An area where I'm free to be myself and tell my thoughts.
My learnings.
My leanings.
Every day I'm growing.
Eyes are opening.
Breathing deeper.
Excited to explore.
Claudia told me this week that I am "courageous".
Fearful and timid seem more like it.
But, oh how I long to be what she said.
Podcast I was listening to yesterday said to make a list.
Three adjectives.
Words I want to be true of me in five years.
Hmmmm....
He said high achievers will make this list.
I decided to be a "high achiever".
 1.)  Joyful (full of joy).
 2.)  Healthy (stop seeing myself as a disease waiting to happen).
 3.)  Courageous (for real... excited about what this life has to offer).
I want to say "I'm not afraid anymore!"
I want to trust God with my life.
Not a naive look at life.
But a deep gut level belief that I am loved by God.
That we all are.
I went to the doctor a couple of days ago.
Told her I think I'm ready to wean off my Prozac.
Lord have mercy.
I'm taking it slow.
I told her I want to feel again.
To cry again.
I went on the antidepressant 3 years ago when the tears wouldn't stop.
Life was so uncertain at that time.
My brain needed a reprieve.
I knew that I wouldn't be able to cry.
It happened before.
I was ok with it at that time.
Now I'm ready to shed some tears.
Happy and sad tears.
I've grown a whole lot in these 3 years.
Counseling has been amazing.
Podcasts have been a tremendous help.
A whole change in the way I eat.
I have a dog.
And a room that I can sit in to meditate and be near nature.
Let's do this.
The doctor said it will be a rollercoaster.
I need to give it a couple of months.
I want to document this.
Maybe it will help others.
Writing it down will help me.
To see where I've come from.
Where I am heading.
Even if I am the only one reading this.
It's all good.
Might even be safer that way.
Typing brings relief.
Helps me breathe.
Helps me think.
This blog has helped me walk through some dark times.
I'm glad I can go back and reflect on those days.
Thankful today for a place to "let go".
Gonna do this more.
I say it and then I don't do it.
Let's just see how this goes.
So much to say.
Lord Jesus, help me to be courageous with my words.

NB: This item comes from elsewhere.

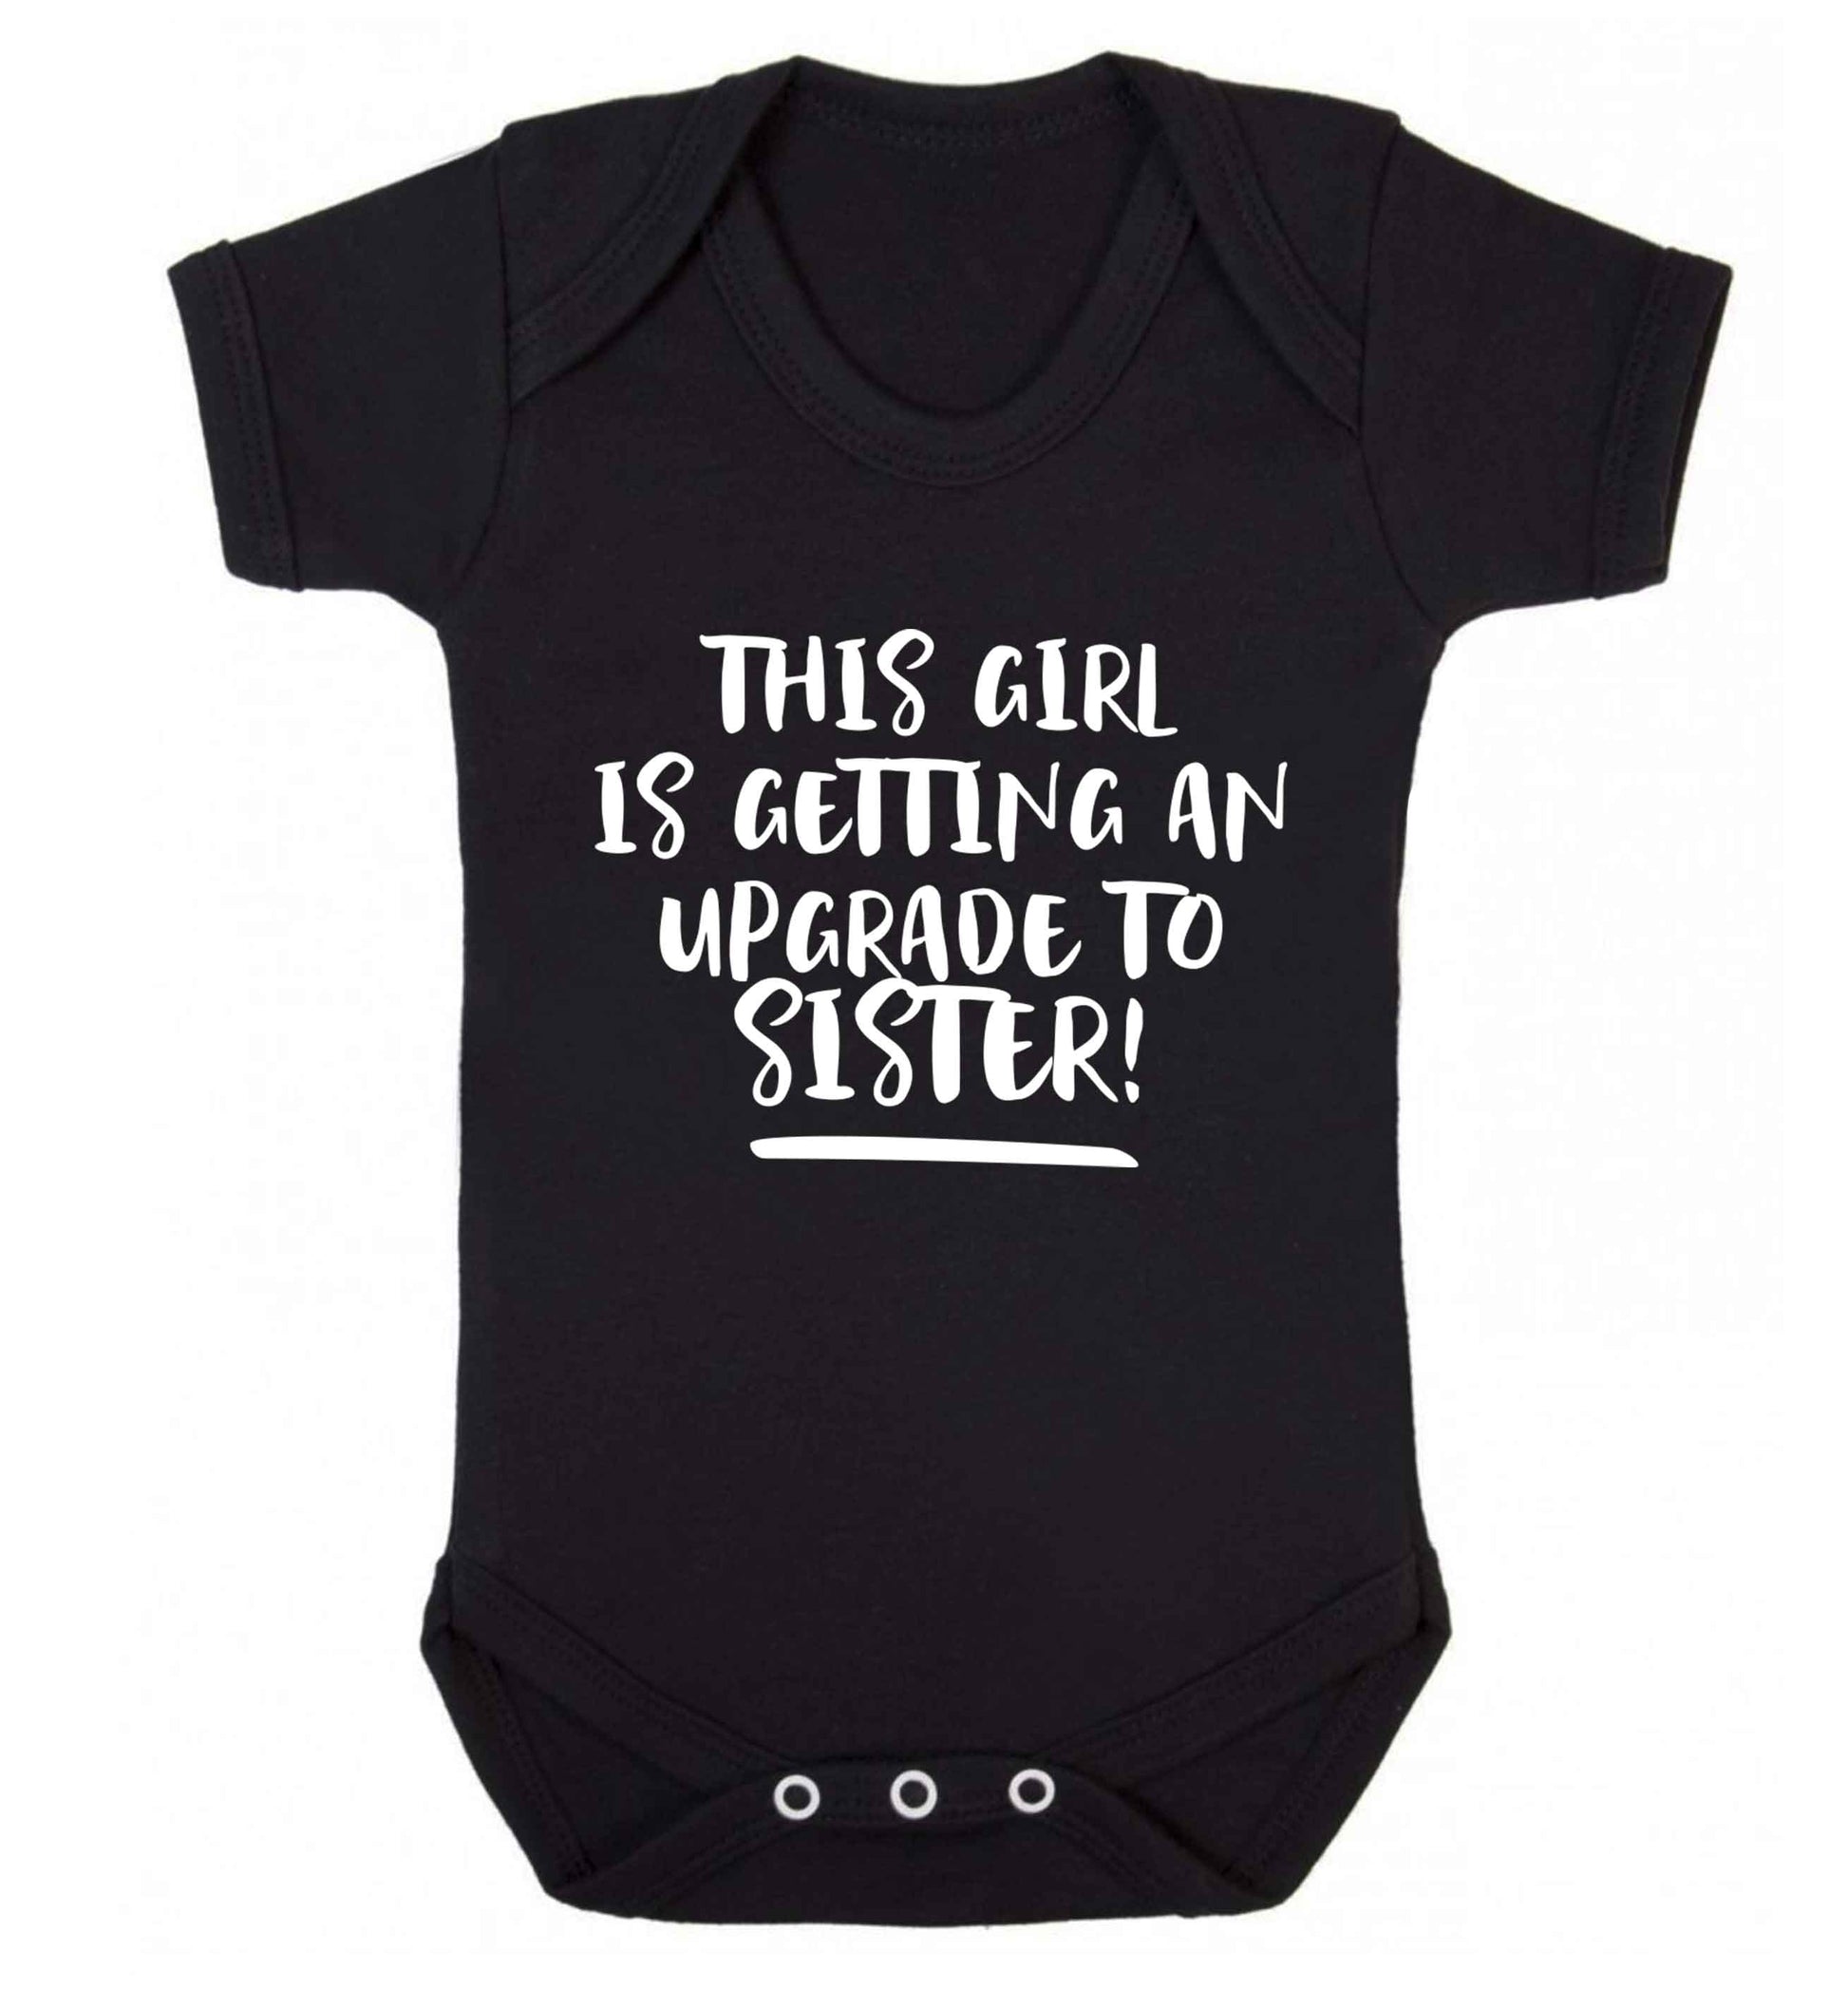 This girl is getting an upgrade to sister! Baby Vest black 18-24 months

Saturday, September 23, 2017

Year 5 -- A Letter to Dad

5 years
Forever
And yet?
Just yesterday.


Oh Dad,
How can I miss you as much as I do?
Still.
Absent from here for five years.
And yet?
Still very present in all of our lives.

We had to pull out our old memory box this week.
Lance was wanting to wear Kevin's Varsity jacket on "dress like your parents day" at school.
He's a senior, ya know.
For real.
Our baby is in his last year.

I saw a picture in that box of you, m and me at my graduation.
You looked young.
Happy to have your arm around me.
Proud of me.
Your baby.
The last of five.
Your favorite.
I know.
I kid.
And yet, I think we all felt that way, Dad.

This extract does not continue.